The punchy motor impresses with its flexibility and minimal turbo lag. The motor is quite tractable. Refinement is of top order in low to mid revs. It is only at higher revs that the motor sounds boomy. For those who worry about fuel efficiency, the engine also features cylinder deactivation. The second and third cylinder is switched off while coasting. It also features auto start-stop which should improve efficiency. The gearbox offers short, light throws though the shifts could be more precise. In city driving, the first three ratios allow you to use most of the torque even in slow-moving traffic while the taller sixth gear allows the engine to run relaxed at triple-digit speeds which should help fuel efficiency. The clutch has a sharp bite which could be bothersome while moving from a standstill on an incline. In terms of performance and refinement, the 1.5-litre motor is a gem. 


Ride and handling:

Besides space, another highlight of the new MQB-A0-IN platform is its fine balance between ride and handling. Ride quality is supple albeit a tad noisy. It glides over concrete surfaces and you can simply drive fast over broken roads without putting your occupants in discomfort. Like other Skoda cars, the Kushaq is dynamically competent. It is stable at triple-digit speeds and you can switch lanes without unsettling the SUV. It possesses car-like dynamics in corners with minimal body roll. The Goodyear Triplemax 2 tyres are specifically developed for India and impressed us with their grip especially in the wet. Overall, the Skoda Kushaq is a pakka driver's SUV without compromising much on ride quality. 

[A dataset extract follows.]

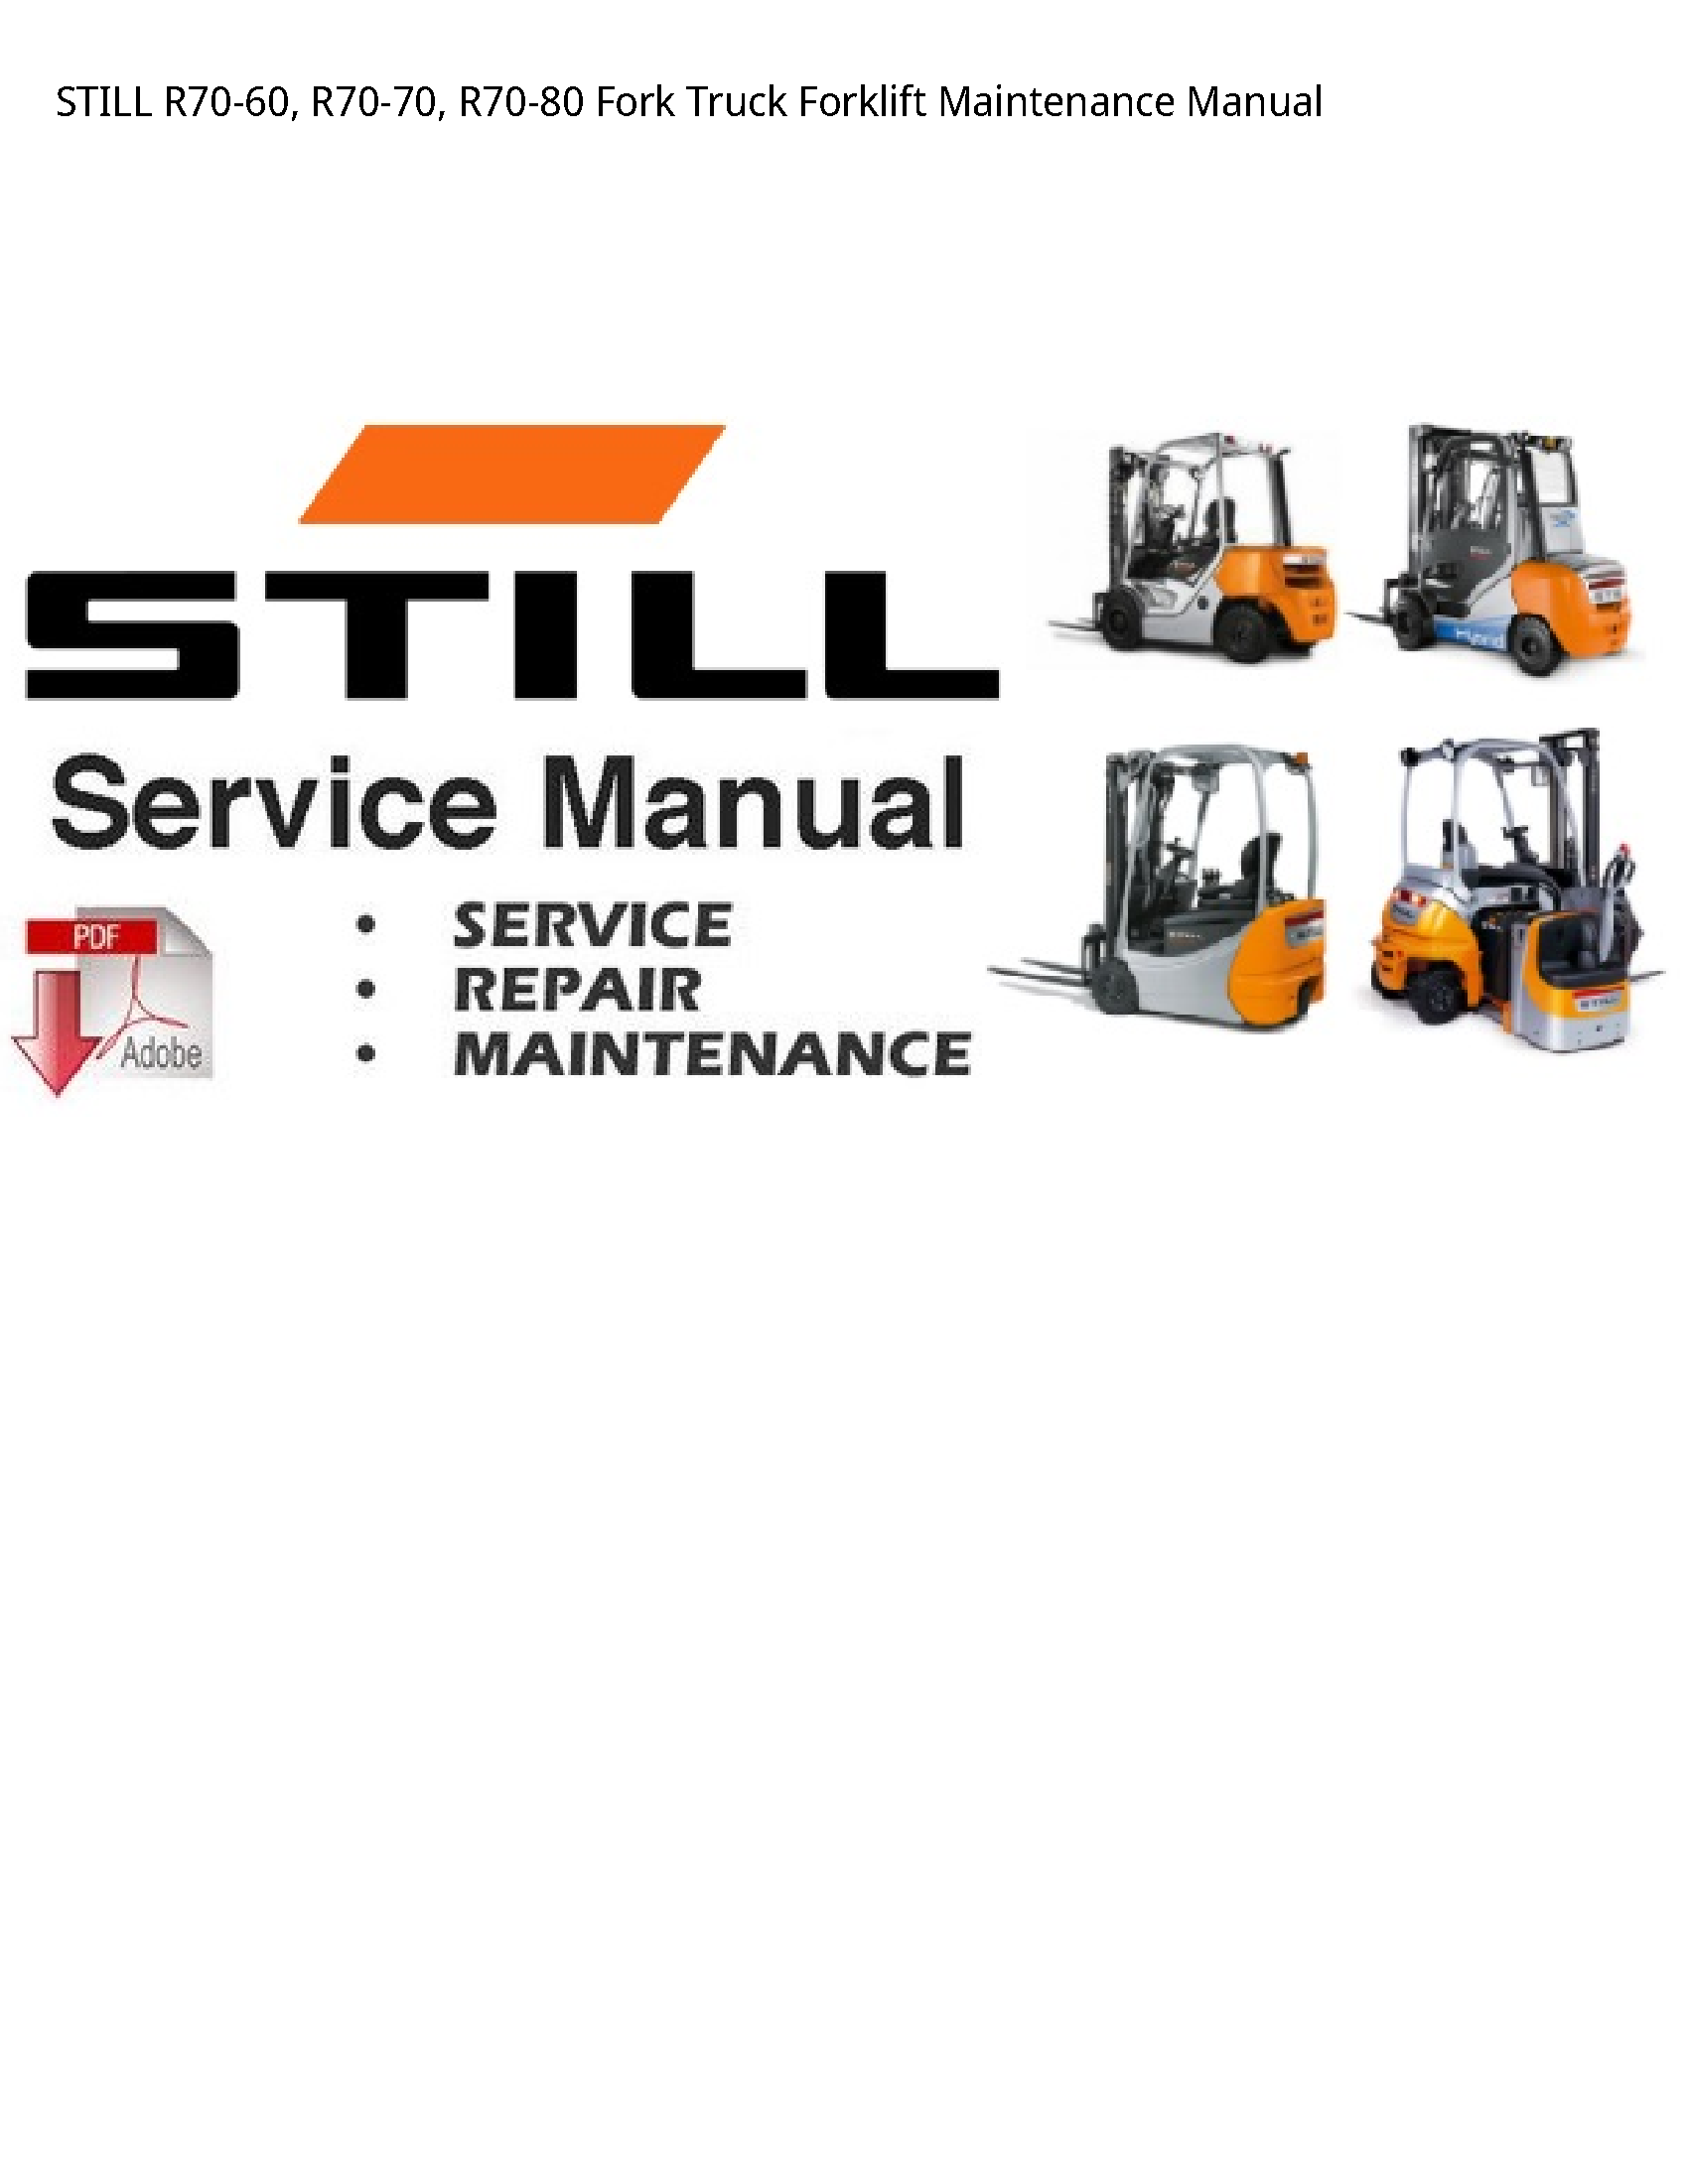 Still R70-60 Fork Truck Forklift Maintenance manual
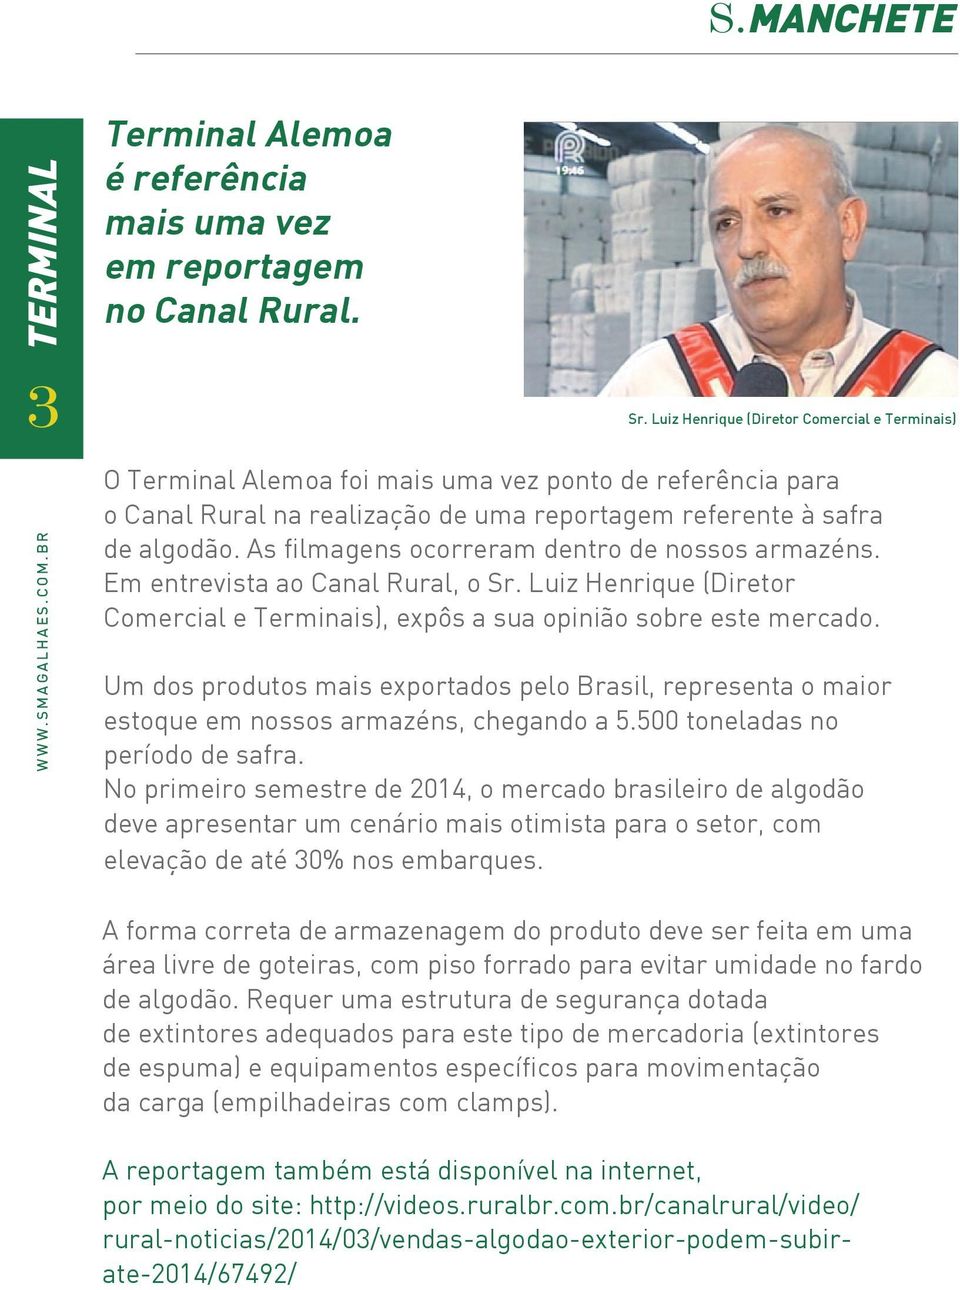 As filmagens ocorreram dentro de nossos armazéns. Em entrevista ao Canal Rural, o Sr. Luiz Henrique (Diretor Comercial e Terminais), expôs a sua opinião sobre este mercado.

The general consensus with localisation is the drop in quality but that is not the case with Skoda. While in a few places, the build quality is not as impressive as we have come to expect of Skoda cars, the fit and finish levels is better than the competition. The Kushaq ticks the right boxes when it comes to space, features, performance and dynamics. The lack of diesel engine options though will limit its range of buyers somewhat. Given its premiumness, we expect the Skoda Kushaq to be priced between Rs 9.5 lakh to Rs 16 lakh. The 'young emperor' is definitely worth a look!